We got the leaders we deserved !

But God has blessed us with the undeserved grace of His Holiness...

...and those few within our hierarchy who would support and defend him have lost any will to join the fight - and why ? what support would he garner ? from the people ? who can say ? most definitely not his fellow clerics or any among the professional laity who consider the word 'ratzinger' as deplorable and a worse enemy to their agenda than anything outside the Church....

You tell me father - what can we do now we've sunk so low - that even our natural allies have given up the ghost and don't want to know ?

Do we fight with every spiritual, moral, pastoral and physical weapon we have at hand to defend Holy Mother church and inspire those in office to take arms against this sea of troubles and support the successor to peter and the mystical body of christ in which they are consecrated sacrifical priests ?

Or do we persist in saying 'something must be done!' and wait for someone else to do something ?

You tell me?

Tom said...

Fr Finigan provided a link to the e-mail address for the Holy Father and encouraged people to send a message of prayer and support. Even if the Holy Father doesn't get to read it himself, hopefully someone is monitoring the e-mail address and can pass on to him the knowledge that people are supporting him. The address is:

benedictxvi@vatican.va

One might have hoped that our ecclesiastical leaders, in particular the successors of the apostles, would have publicly supported Peter, but unfortunately that hasn't happend and isn't likely to. They are leaving the pope to take the flack

One wonders sometimes which particular apostle some of them succeeded.

Meanwhile, a brief e-mail is at least something we leaderless lay-folk can do.

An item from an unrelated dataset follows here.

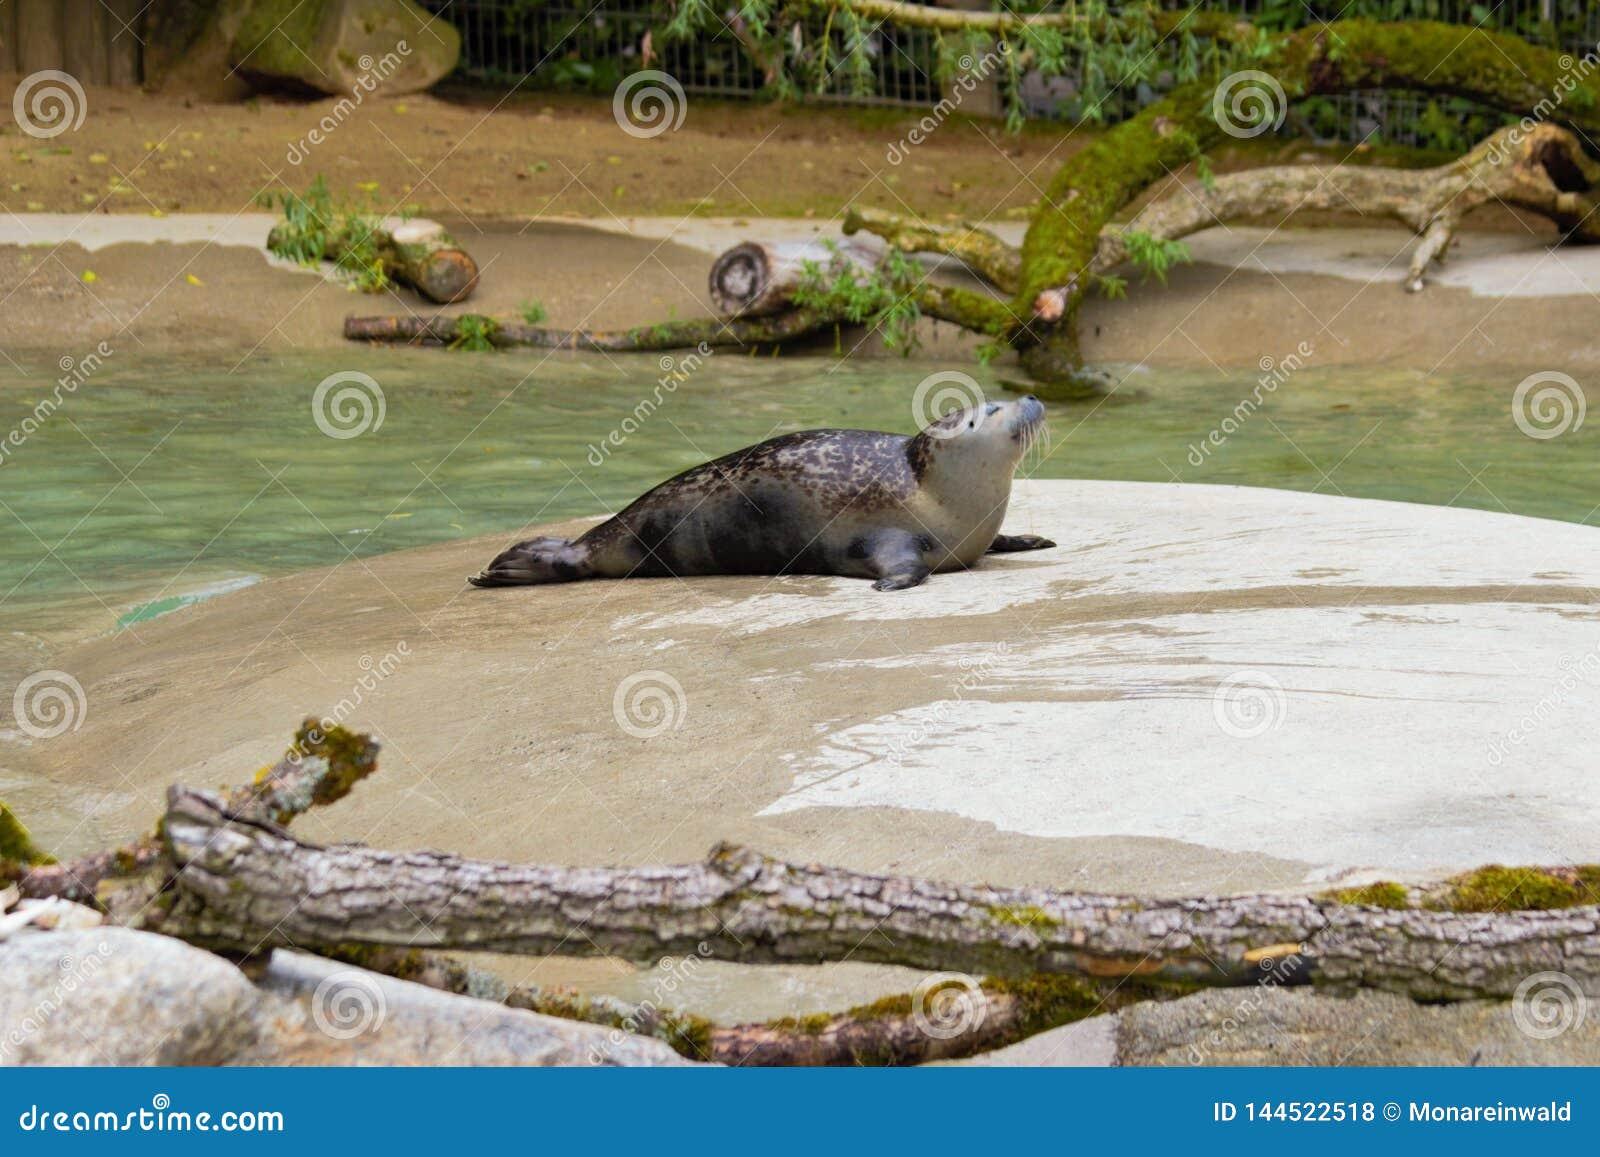 Seal sunbath in zoo in Augsburg in germany

God bless our courageous and loyal pope.

Fr Ray Blake said...

Shane, today is the first day it hasn't been part of a radio newsbroadcast.
There is balanced article Fr Tim reports.

Independent said...

Whatever one may think of the claims of the Papacy,and many Christians can not underwrite them in full, the Pope is the leader of Christendom and if he is such a man as the present one should be given all the support one can. A man of great learning, of intelligence, of obvious goodwill and good humour, it is shameful that he should lack support in his own communion. His recent treatment of the abuse issue has been a model of charity and compassion, and he cannot be faulted for his refusal to compromise with the religion of secularism. Long live the Pope!

Fr Ray Blake said...

Terry,
a bit strong, though you might be right.

Tom said...

OTSOTA - well put, couldn't agree more with your analysis.

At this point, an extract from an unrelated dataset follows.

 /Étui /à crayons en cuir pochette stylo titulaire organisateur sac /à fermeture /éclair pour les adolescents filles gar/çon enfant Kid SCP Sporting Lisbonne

In response to your question, we don't wait for something to be done. Rather we should do as you suggest: "...fight with every spiritual, moral, pastoral and physical weapon we have... "

But who will lead us? That's where priests like Fr Ray and Fr Tim come in. The rest of us need to mobilise to follow their lead.

Unknown said...

Father, yes sorry about that but it is something that I do feel upset about.

Sometimes, unpleasant though it may be, strong medicine is needed.

universal doctor said...

God Bless our Pope. We should pray for him in our parishes, every day, and in our schools. I certainly am.